It’s been a busy week for Miracleman by Gaiman and Buckingham: The Silver Age. 

On Monday we gave some thoughts on this long (30 years) gestating project, the lowkey reaction to its arrival, and Marvel’s muted PR campaign. 

The topic of Miracleman drew a rather lively (by 2024 standards) comment section here, more discussion on Reddit, and the usual social media chatter. Even the writer himself, Neil Gaiman, got in on the action with a post on BlueSky:

“It’s interesting seeing the comics press going “Why isn’t there more talk of Miracleman: The Silver Age”? Meanwhile, we get the kind of review that those of us who made comics in the dawn times dreamed of as a kind of grail,” he wrote, then linking to a review of Miracleman in The New York Times, which, he wasn’t wrong. It was a glowing review, penned by Sam Thielman. 

It is hard to imagine a realm of toyetic intellectual property that could tolerate Dickie Dauntless. (That’s a compliment.) He is both charmingly naïve and a product of his era in endearing, unfortunate ways. Gaiman had teased his return throughout the original run of “The Golden Age,” and now he and Buckingham shift away from employing multiple narrators as in that story to using Dickie’s perspective, putting us on his side very quickly. We bite our nails as he gapes in wonder at the immodestly dressed women, by 1963 standards, and people of color among the godlike gentry who make up his old chum’s royal court in this new world.
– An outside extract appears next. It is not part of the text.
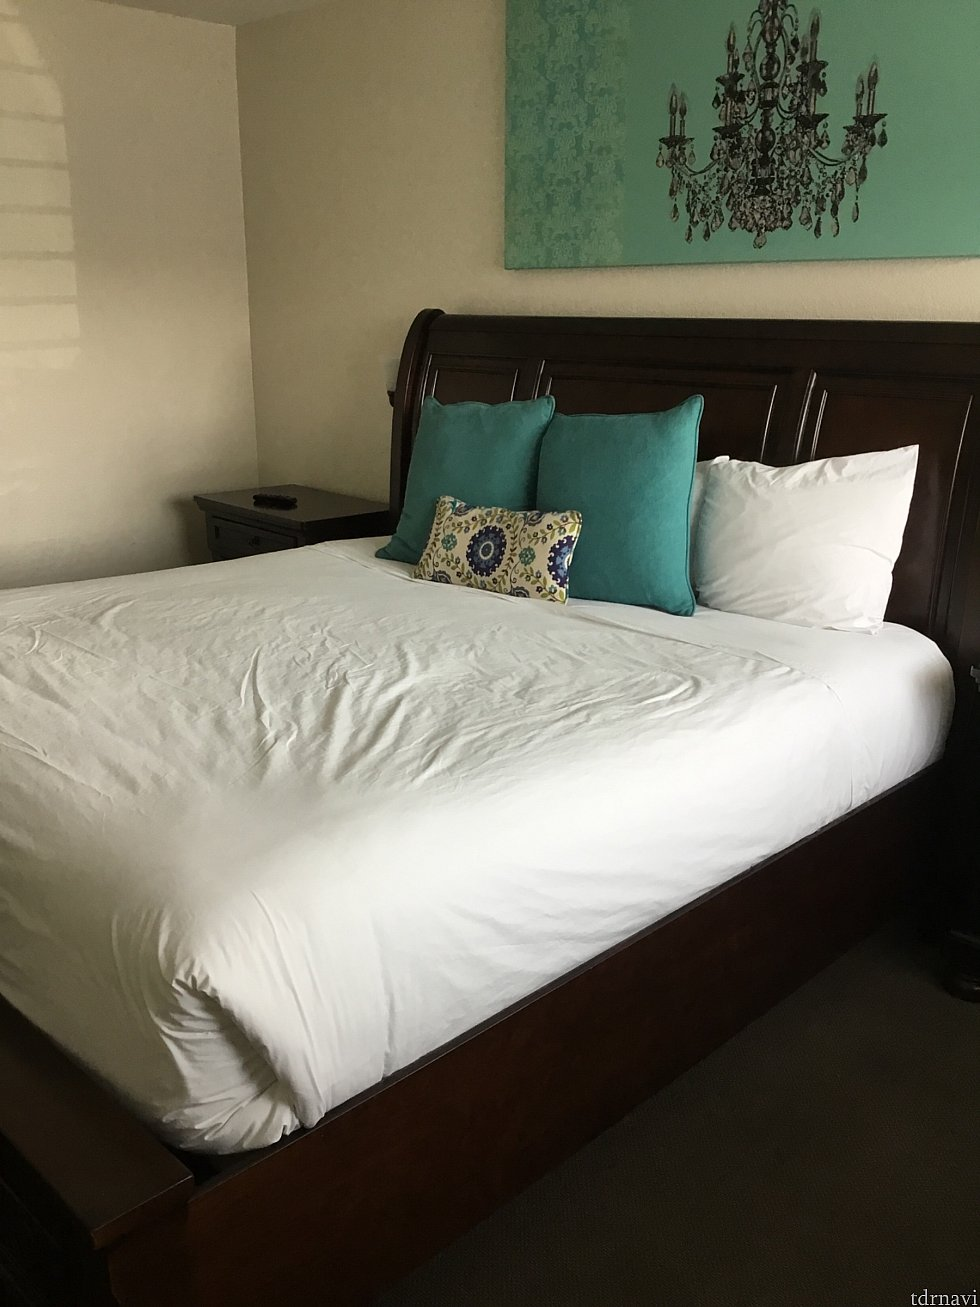 お一人様キングサイズのベッドのお部屋をチョイス めっちゃ高くて乗る時よいしょと声が出ました(笑)

The review contains some back matter process illustrations from Mark Buckingham, suggesting that this was not just catching a stray, but a review with a bit of thought behind it. (In another skeet, Thielman revealed he had worked on it for months – and linked to his previous piece about Moore’s Miracleman.) In my own piece I had wondered if there were perhaps some unseen marketing efforts by Marvel or PRH to promote the book, and I guess there were!

And then yesterday (Thursday) a bit of a surprise in the old email inbox: a press release from Marvel about the book that not only included a front-facing image of the cover (the lack of which I’d complained about) but the link to a TRAILER for it.

It is perhaps a bit odd for the trailer to a graphic novel to come out the day AFTER it hits comics shops but…let’s accentuate the positive. Miracleman by Gaiman and Buckingham: The Silver Age is a book likely to sustain interest for a while, and all the buzz this week probably built up interest. 

We’ll probably never know why Marvel’s roll out for the NEW Miracleman collection was so buggy by conventional standards but it did roll out. And hopefully it sold a few copies along the way and maybe even a few people came to the shop to check it out. So a happy ending…until “The Dark Age” comes out, that is. 


  1. I guess Marvel cried Wolf too many times with Miracleman. First the unnecessary (initially projected as complete) hardcover reprints of the Mike Anglo material, then the overpriced single issue reprints of the Alan Moore material (once again filled up with not-in-demand Mike Anglo material, usually up to 50% of the actual comic pages per issue), then releasing the so-called All-New Miracleman Annual featuring a previously unused Grant Morisson script (which was way overstretched by artist Joe Quesada to get some kind of page count to make it seem worth the effort and a servicable but once again unnecessary sotry bu Peter Milligan and Mike Allred, then only releasing said Alan Moore material in three (once again overpriced) hardcover editions for the Graphic Novel market, then, after repeating the overpriced trick on Neil Gaiman’s Golden Age (both with single issues and hardcover editions, but thankkfully leaving out the Mick Anglo stuff this time) Marvel neclected to inform anybody that the previously sollicited of the Silver Age story weren’t actually going to be coming out for reasons……… unexplained.
    THEN (after some further unnecessary stuff actually written by Neil Gaiman himself appearing in Marvel Comics #1000 and the Miracleman Special (supposedly new Neil Gaiman, but actually reprints from the Eclipse released Apocrypha TP)) FINALLY, Marvel did what they should have done in the first place: they released a Watchmen sized TP featuring all Alan Moore material for a reasonable price (in 2023 money admittedly) so, as a retailer, we can point to a single book and say ‘If you liked Watchmen/Swamp Thing/V for Vendetta, check this out. No his name isn’t on it, but it is guaranteed Class A Alan Moore material! He made his name with V for Vendetta and THIS!’

    Now I don’t mind waiting, and I can get over a dissapointment or two, but it got very hard to be enthousiastic about Miracleman, given how Marvel completely botched the rerelease of this classic comic. And that does tend to spill over.
    And I do agree with any review that is positive, The Silver Age is actually pretty good. I wasn’t that convinced while reading it during actual release (once again plagued by delays, and a few issues contained not as many new pages as others, which was once again compensated with the return of Mike Anglo reprints….. WHY?) but I read it through in one go once all issues were release and I was very happy with the experience.